In this control contains displays user name and password fields and a Remember me next time check box. If the user selects this check box, a persistent authentication cookie is created and the user's browser stores it on the user's hard disk.

3. Configure web application for Form authentication.
Select web.config file on Solution explorer

<authentication mode="Forms"/><forms timeout="30" protection="All" defaulturl="index.aspx" loginurl="login.aspx" name=".ASPXAUTH""/></authentication"/>

Note: If just put authentication mode as Forms and omit other element then It will load defualt setting form Mechine.Config.comments file . That defauls setting are given below.

<forms defaulturl="default.aspx" loginurl="login.aspx" name=".ASPXAUTH" />
<credentials passwordformat="SHA1" ></forms/>

4. Add element under element in the Web.Config file. This will allow to all authenticated users to access you web site.

<authorization/><deny users="?"/><allow users="*"></authorization/>

In here, "?" indicates unauthenticated users and "*" indicates all users.

Create a data base to store user details.

You can create your SQL Server user store manually by using Aspnet_regsql.exe from the command line.
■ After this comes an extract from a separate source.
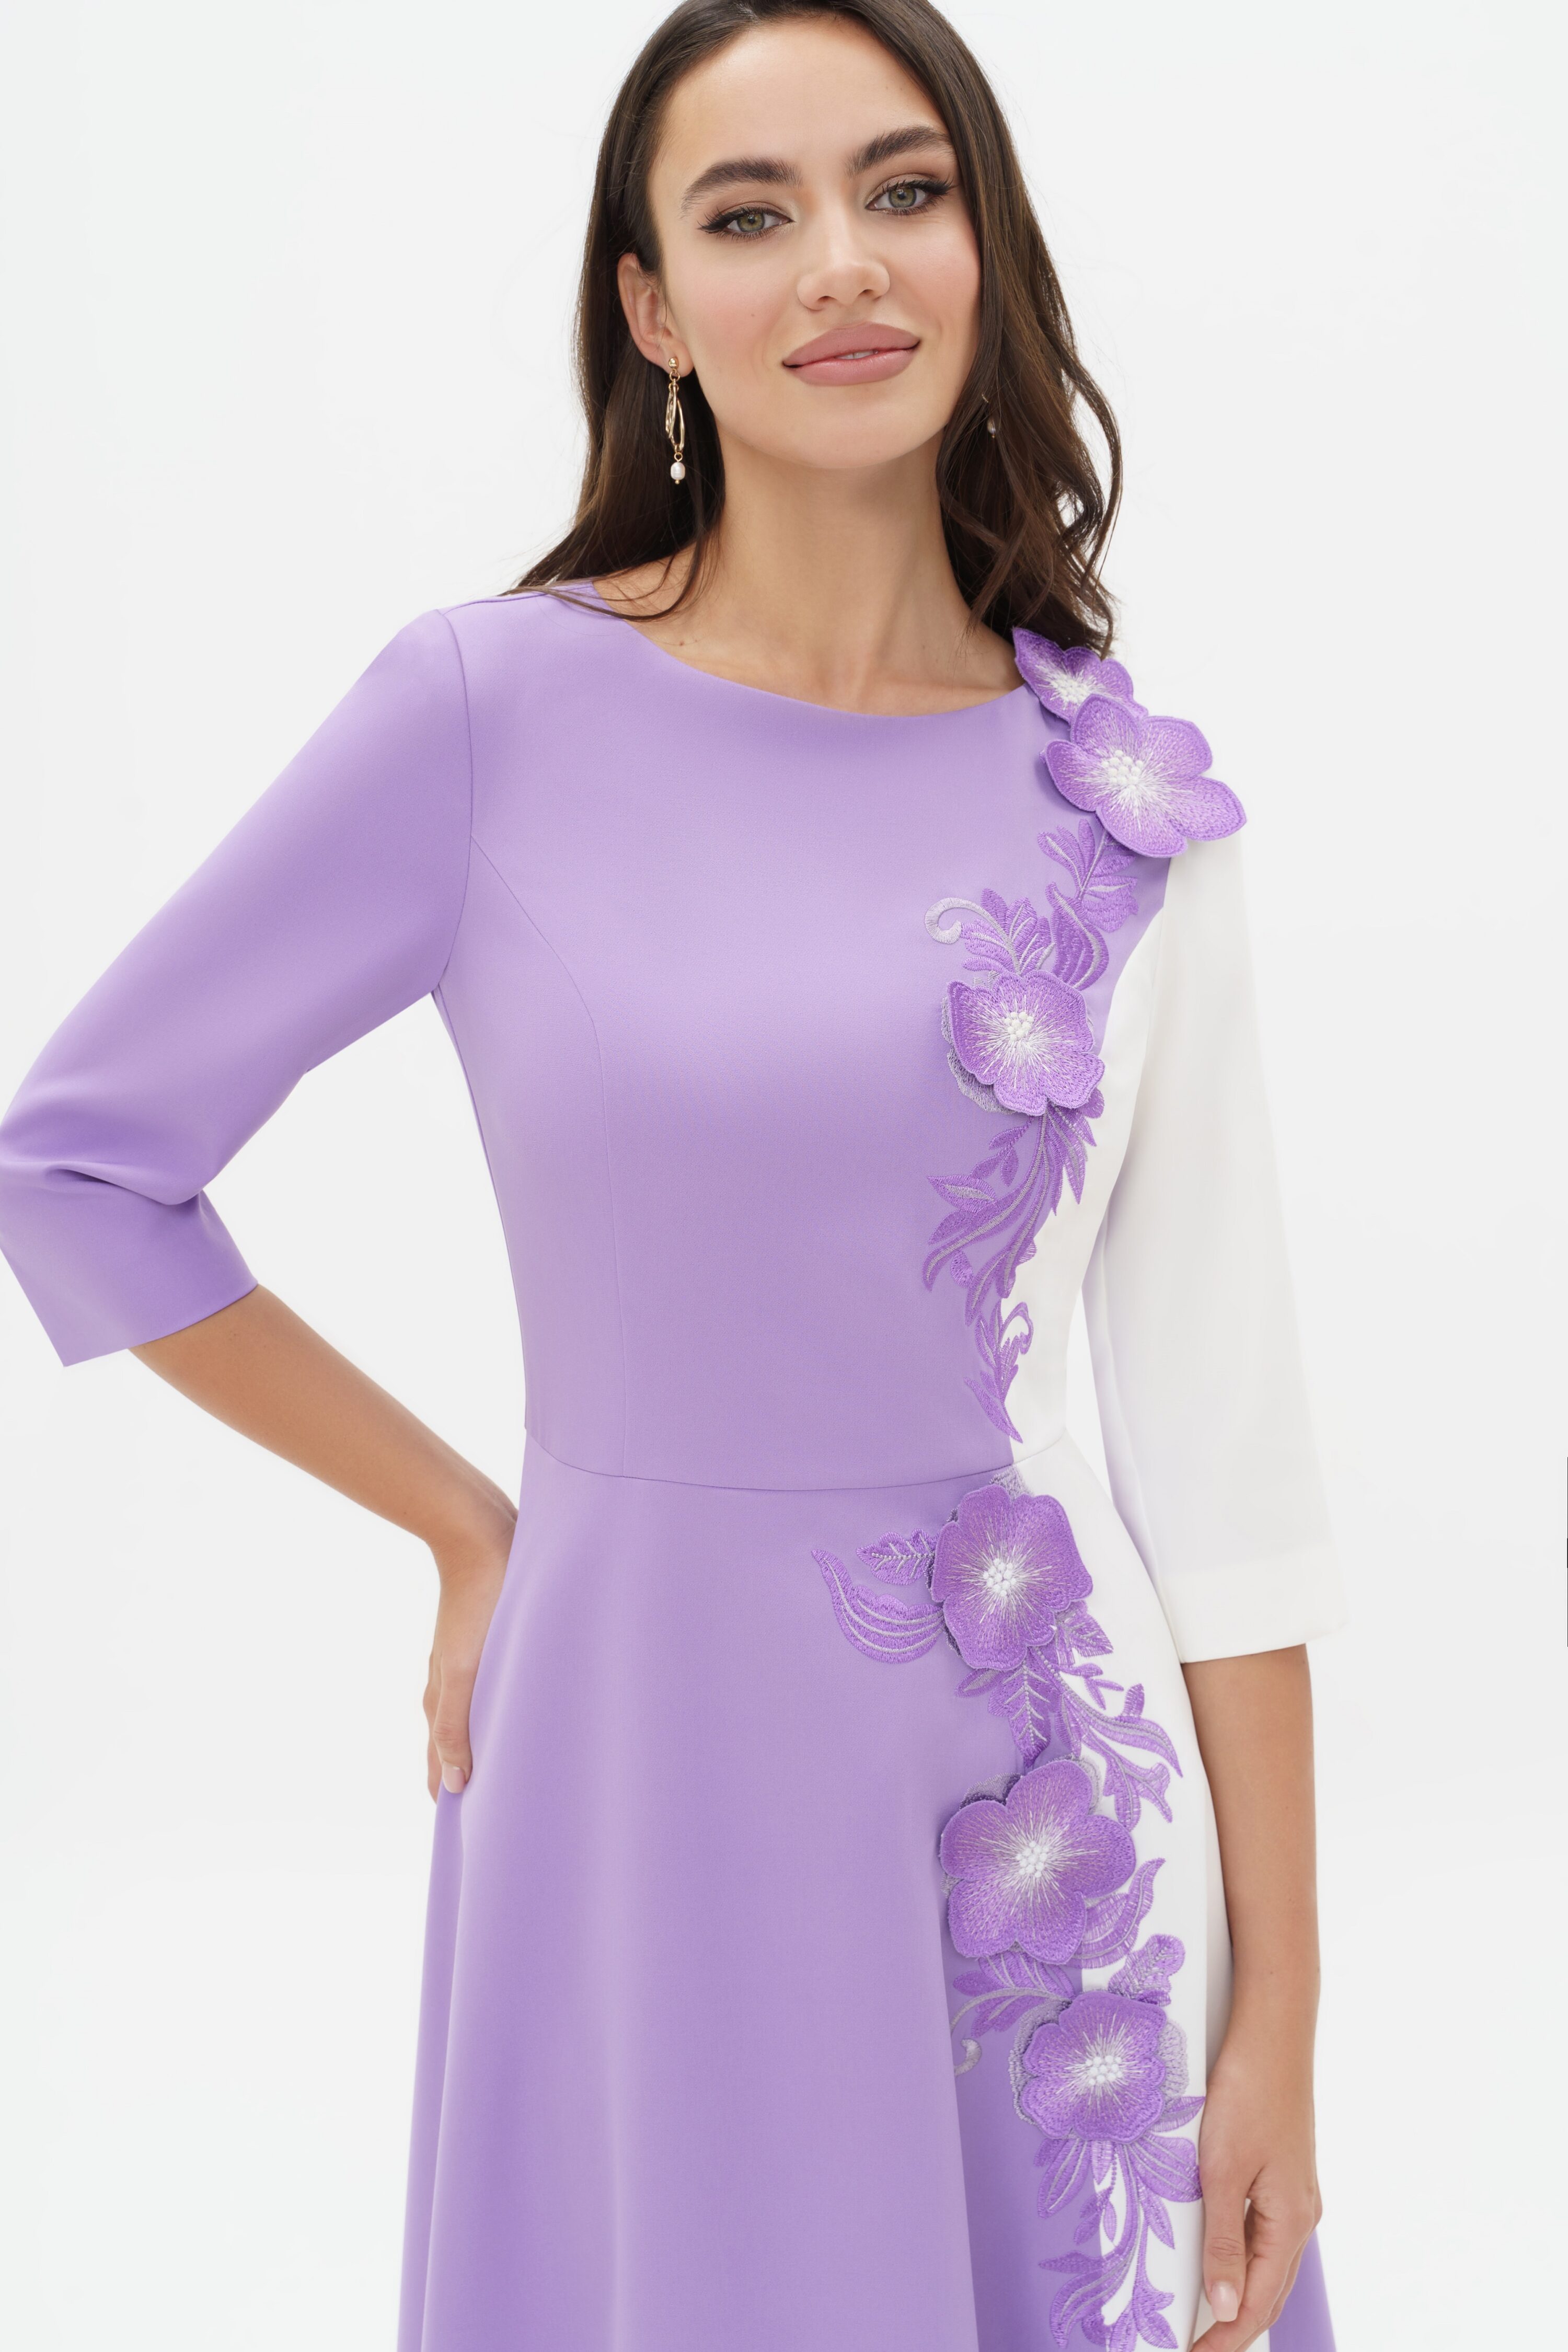 Купить платье URS 24-310-3 сиреневое женское с вышивкой

Alternatively, you can run Aspnet_regsql.exe in Wizard mode or use the ASP.NET Web Site Configuration tool available on the Website menu in Visual Studio .NET 2005. In this example , manual method is used by me.
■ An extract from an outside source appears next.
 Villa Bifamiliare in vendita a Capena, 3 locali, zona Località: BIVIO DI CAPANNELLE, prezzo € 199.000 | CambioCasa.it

Use aspnet_regsql to create membership by using Visual studio 2005 Command prompt.
Start>All Program>Microsoft Visul Studio 2005>Visul Studio Tools>Visul studio 2005 command prompt

run Aspnet_regsql.exe with following parameters -S -A m -E

systex

aspnet_reg.exe -S (local) -A m -E

-S -- specified the server name
-E -- specified windows authentication to connecte SQL server.
-A m -- specified Add membership features only

for all command run aspnet_reg.exe /?

if you want create membership in your own sql data base run aspnet_regsql.exe with following parameters.
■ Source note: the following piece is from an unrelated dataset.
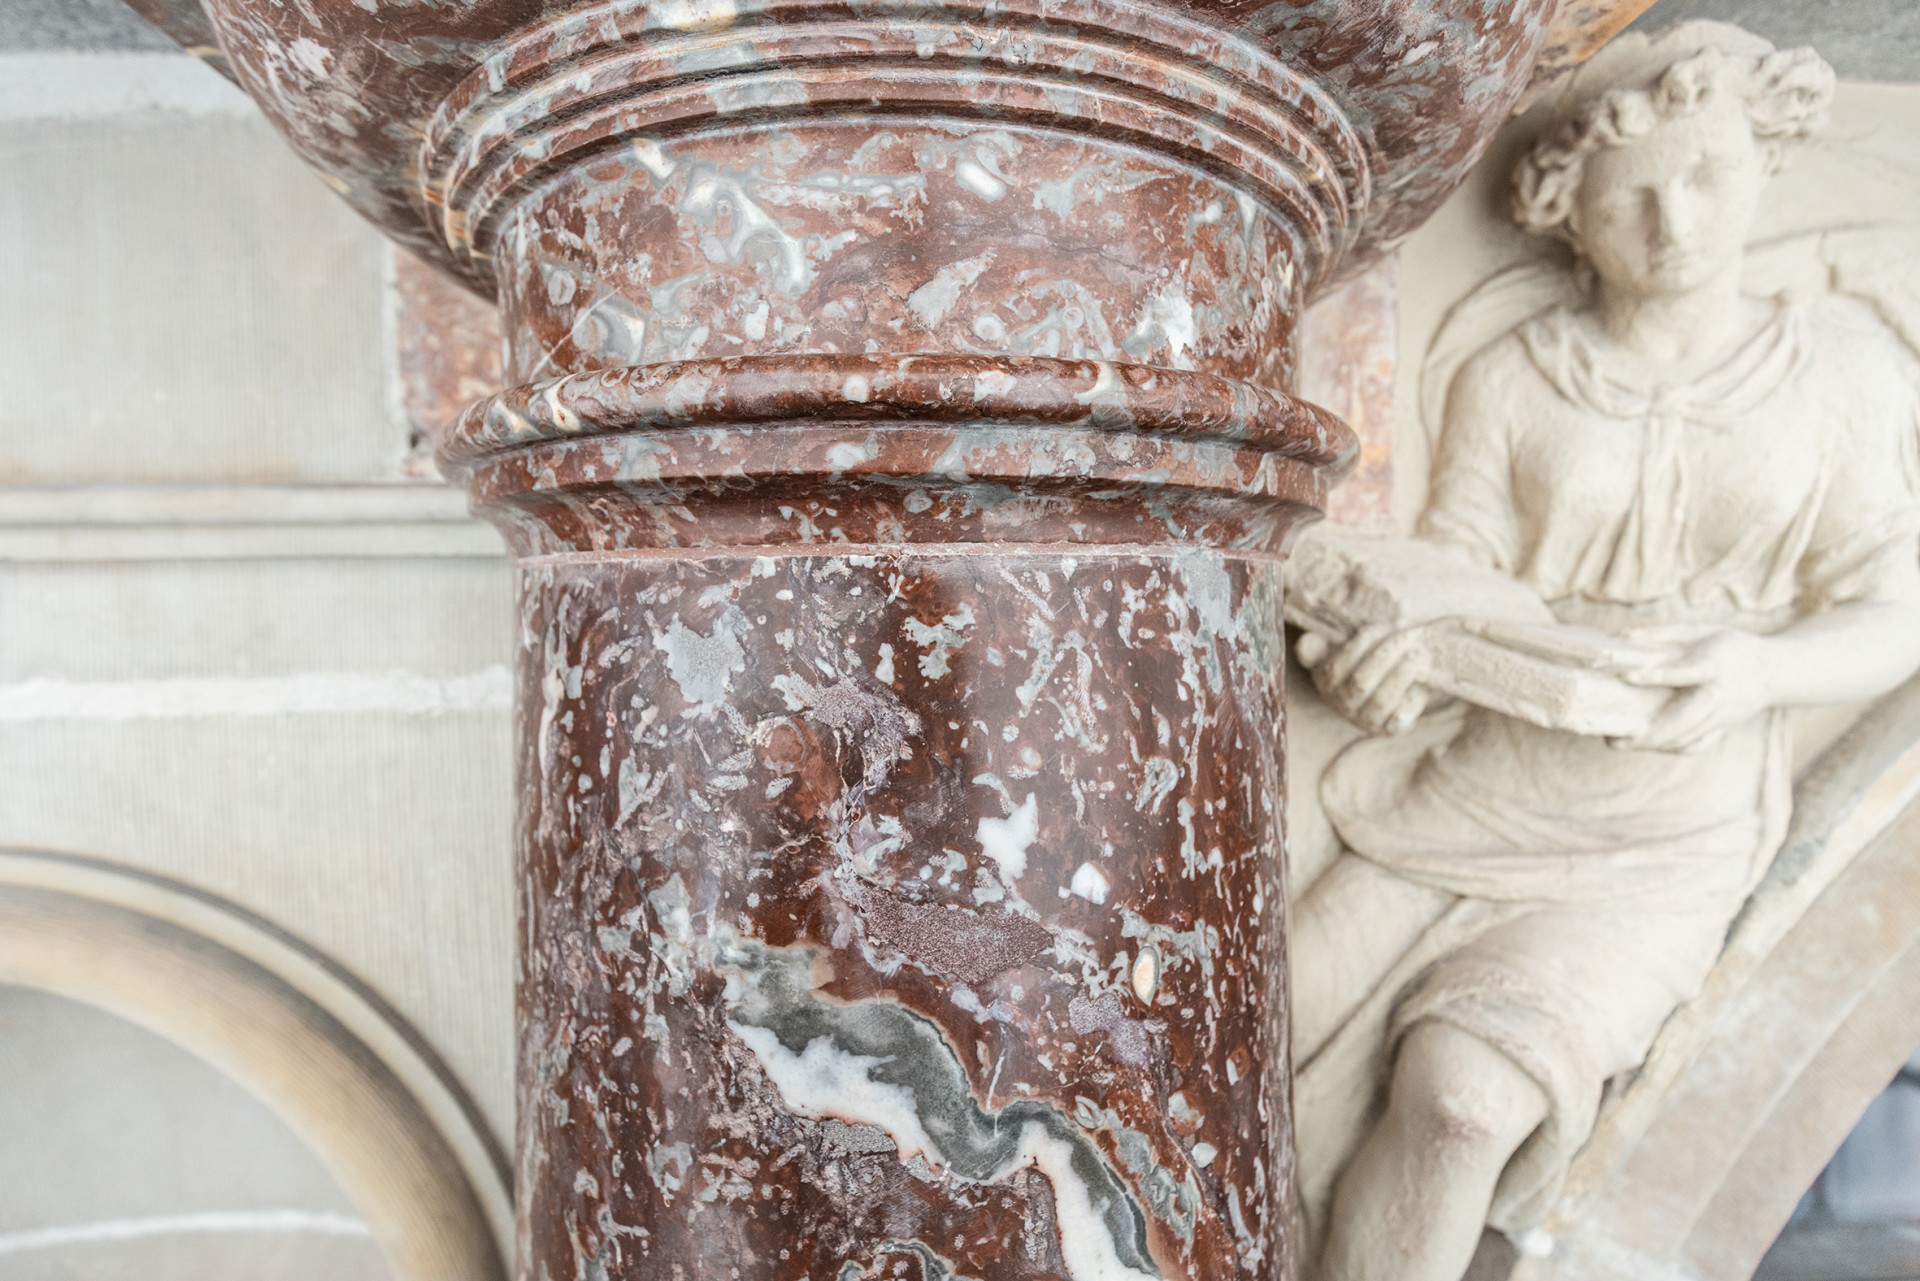 Gerestaureerde rode marmeren zuil met een figuur in witte steen naast.

aspnet_reg.exe -S (local) -d -A m -U -P

to see the result of go to SQL server Open data base if you created on the existing batabase Membership related tables can see on that otherwise new database has been created on sql server named aspnetdb.

Within the Aspnetdb database, the following tables are created if they do not exist:

aspnet_Applications
aspnet_Membership
aspnet_SchemaVersions
aspnet_Users

5. Grant Database Access to Your Web Application Account

Your Web application process account requires access to the Aspnetdb database(or your own databse). If you run your application under Microsoft Internet Information Services (IIS) 6.0 on Windows Server 2003, the NT AUTHORITY\Network Service account is used by default to run Web applications.

6. Configure Membership setting on Web.Config

In the Web.config file, add a connection string similar to the following to point to your membership database.

<connectionStrings > <add name="MyConStr" connectionString="Initial Catalog=aspnetdb;data source=localhost;Integrated Security=SSPI;" /> </connectionStrings>

In this example, MyConStr is the name you will use for this connection. Set the connectionString attribute to the membership database you created earlier.
Add <Membership/> to config file after then <authorization/> element .

<membership defaultProvider="MySqlMembershipProvider" > <providers> <clear/> <add name="MySqlMembershipProvider" connectionStringName="MyConStr" applicationName="MyAppName" type="System.Web.Security.SqlMembershipProvider, System.Web, Version=2.0.0.0, Culture=neutral, PublicKeyToken=b03f5f7f11d50a3a" /> </providers> </membership> 
check the connectionStringName attribute to the same name ("MyConStr") you have assigned in the above connectionStrings section. Also set the applicationName attribute to a unique value representing the application. User details are organized by application name within the membership database. 
Note You must set the defaultProvider attribute of the <membership> element to point to the provider definition. The login controls use this attribute to determine which property to use by default. However, these controls also expose a MembershipProvider property that lets you use non-default providers with the controls. While you can also set the MembershipProvider property of the login controls, it is good practice to set the defaultProvider attribute.